« La France s’inquiète, comme ses partenaires de la communauté internationale, des disparitions signalées par les organisations de défense des droits de l’homme, de militaires tchadiens », a répondu, ce matin, le porte-parole du ministère français des Affaires étrangères, Romain Nadal, interrogé sur la situation au Tchad. Jusque là, c’est bien, peut-on dire. Mais, là où le porte parole du Quai d’Orsay enlève tout le crédit qu’on pouvait donner à la France, dans cette intervention, c’est quand il ajoute : « Nous souhaitons qu’une enquête des autorités tchadiennes permette de faire toute la lumière sur ces affaires ». Le porte-parole du Quai d’Orsay est-il, vraiment, sérieux quand il demande au « sultan » de N’Djamena (Idriss Déby Itno) d’enquêter, lui-même, sur ses propres forfaits ?
Paris espère, sans doute, que son allié tchadien fera, aussi bien que dans l’enquête qui devait apporter la lumière dans l’assassinat de l’opposant tchadien, Ibni Oumar Mahamat Saleh. Selon le député fédéraliste, Ngarlejy Yorongar, Déby l’a tué avant de plonger son corps dans l’acide pour qu’il disparaisse à jamais. Depuis que Déby enquête sur cette disparition, à la demande de la France, et aussi, du parti socialiste français, qu’a-t-il apporté de nouveau dans cette recherche de la vérité ?
Amnesty International et la Ligue tchadienne des droits de l’homme (LTDH) ont fait état de plus de vingt cas de disparitions présumées de militaires et policiers, qui n’auraient pas voté pour le parti au pouvoir, et demandé aux autorités l’ouverture d’une enquête indépendante.
Selon certains médias, plus de 40 membres des forces de défense et de sécurité seraient portés disparus depuis le 9 avril, les militaires ayant voté un jour plus tôt.
Le chef de l’opposition, Saleh Kebzabo, lui-même, s’en était, publiquement, ému, en appuyant la version des tueries massives organisées par Déby, sans que personne, au niveau de la (fameuse) communauté internationale ne l’écoute. On aura compris que le Tchad est un allié important pour la France, dans des opérations militaires, dans le Sahel, pour qu’elle prête sa voix à ceux qui emmerdent Déby. La politique africaine de l’actuel président socialiste (qui va justement ce week-end au Nigeria pour des questions de sécurité) sera-t-elle défendable quand quelqu’un de son camp (ou lui-même) cherchera à garder l’Elysée l’année prochaine ? On en doute.

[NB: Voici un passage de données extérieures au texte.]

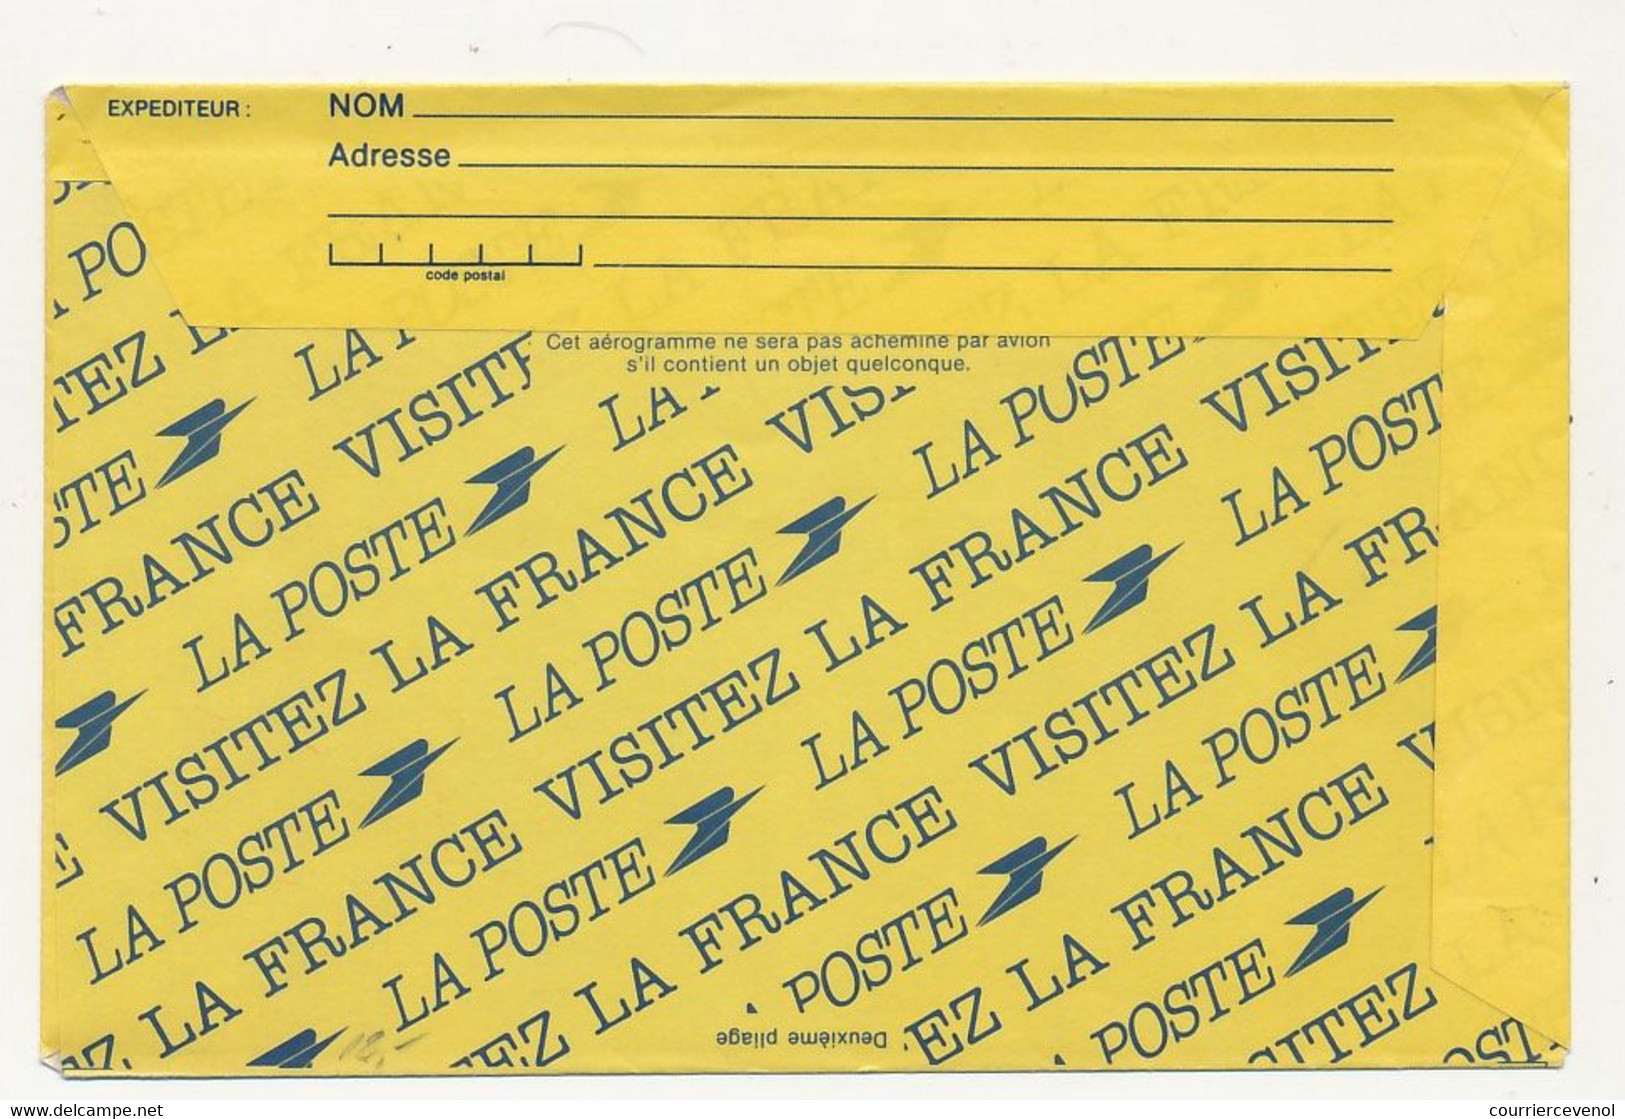 FRANCE => Aérogramme 3,50 Repiquage "36e Salon De L'Aéronautique... Le Bourget" 31/5/1985 - Luchtpostbladen

La présidentielle, au Tchad, s’est déroulée dans un climat tendu en raison de la répression de marches pacifiques que voulait organiser la société civile. L’opposition a, ensuite, accusé le pouvoir de « hold-up électoral ».
Les autorités ont affirmé que les personnes concernées avaient été déployées en mission commandée et, le 21 avril, quatre des présumés disparus ont été présentés à la télévision nationale. Mais leurs familles n’ont reçu, depuis, aucune nouvelle sur leur sort, selon Amnesty International.
Dans, au moins, deux bureaux de vote, des responsables militaires ont contraint des éléments des forces de défense et de sécurité à, publiquement, voter pour le parti au pouvoir. C’est une pratique courante au Tchad. Sans intimider et sans frauder, Déby est incapable de gagner une élection, tellement, il est impopulaire. Selon le décompte de l’opposition, il y avait un deuxième tour qui excluait le « sultan ».